The business problem isn't the ripoff, it's the fraud in your business space of easy online direct debit set ups. If lots of fraudsters set up in this area with convincing sites, your customers' customers will worry about providing their bank details. Suggest talking to your sponsoring direct debit bank about shutting the fraudulent sites down. Or you could report to actionfraud.police.uk but I suspect your bank has better connections.

Here is my suggestion:

1. Send a DMCA notice [https://news.ycombinator.com/item?id=5367936].

2. Blank their page with JavaScript. While it's legal to redirect the traffic to your site (it's YOUR JavaScript and there are no Terms for its use), you'll probably mislead people and make them think that you are the phishing site. Not worth it, in my opinion.

Use the "is this my domain" javascript trick and then remove all elements from the DOM. Better yet, location.href them somewhere else.

I'm guessing that the traffic from this will alert them pretty soon so either way you'll want to take action quickly Hiroki.
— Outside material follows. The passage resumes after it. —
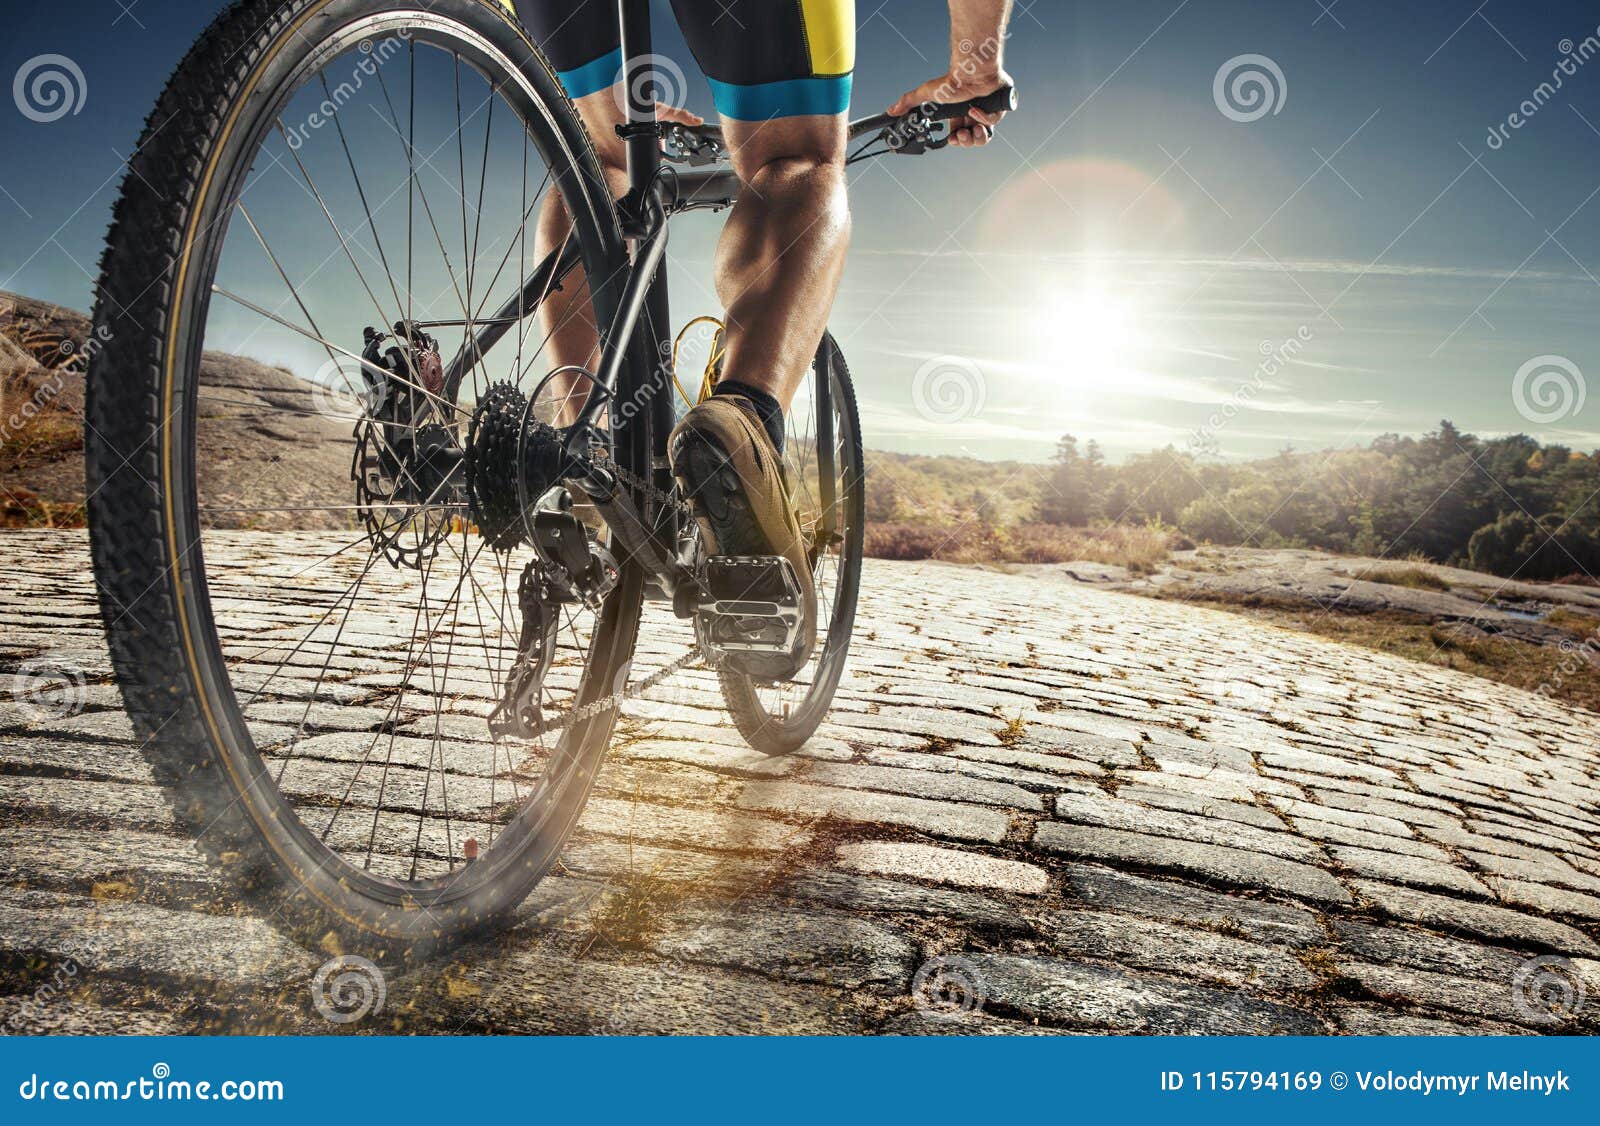 detail of cyclist man feet riding mountain bike on outdoor trail on country road

Might be fun to hellban them, alter your JS to show visitors nothing when they visit their sites. Won't last for long but if you only do that for visitors with fewer than 3 visits then it'll take them a little while to figure it out.

I'm not sure about the legality of this option, nor the alternative I'd suggest. Instead of hellbanning their site, try redirecting their traffic to your own site.

I notice they're using eBay, AutoTrader and Gumtree logos. Don't know about the other two, but have known AutoTrader come down like a ton of bricks on muppets who abuse their brand - dob 'em in!

(Although if they are as shady as they look, there may not be an entity to come down like a ton of bricks on - this looks like fraud to me)

More brand abuse here: http://secure-broker-online.eu/company

The FSA, RBS and Wells Fargo might want to be aware of this, too.

CEO of Auto Trader might have something to say too http://secure-broker-online.eu/escrow-process

As a side note, where are those gray icons at the bottom coming from? I needed a light bulb like that on my last project, and ended up having to slap together something on photoshop

I would take comfort in knowing that the sign up form at http://resinternationalgroup.com/ is impossible to finish :-)

http://resinternationalgroup.com/ - Looks to have a live operator that you can talk to and ask questions as well?

I wonder if Ebay, Autotrader and Gumtree might also be interested in throwing some weight behind this given how prominently their brands are featured on the landing page.

http://www.plagiarismtoday.com/ has all the information you need in notifying affiliates and filing a DMCA.

Well they do have a live chat on those two pages. Might as well make use of it! Or you could contact their live chat provider and mention the copying. They might care.

First time I've seen this use-case for Sentry :)

(I didn't actually see Sentry within the source code, was I missing something?)

Secure Broker Online: 1-8 Kensington Gardens Square , London, W2 4BH

Knock on their door and ask them directly.

Seeing as the two rip-offs are seemingly the same 'service' and yet have very different addresses, I suspect the addresses are fake.

It appears you're right. The address above is actually the Phoenix Hotel.

It's simple. Make money off your idea before they do. Good luck!

submit a DMCA takedown notice. and blog about how mean people are when they complain about it.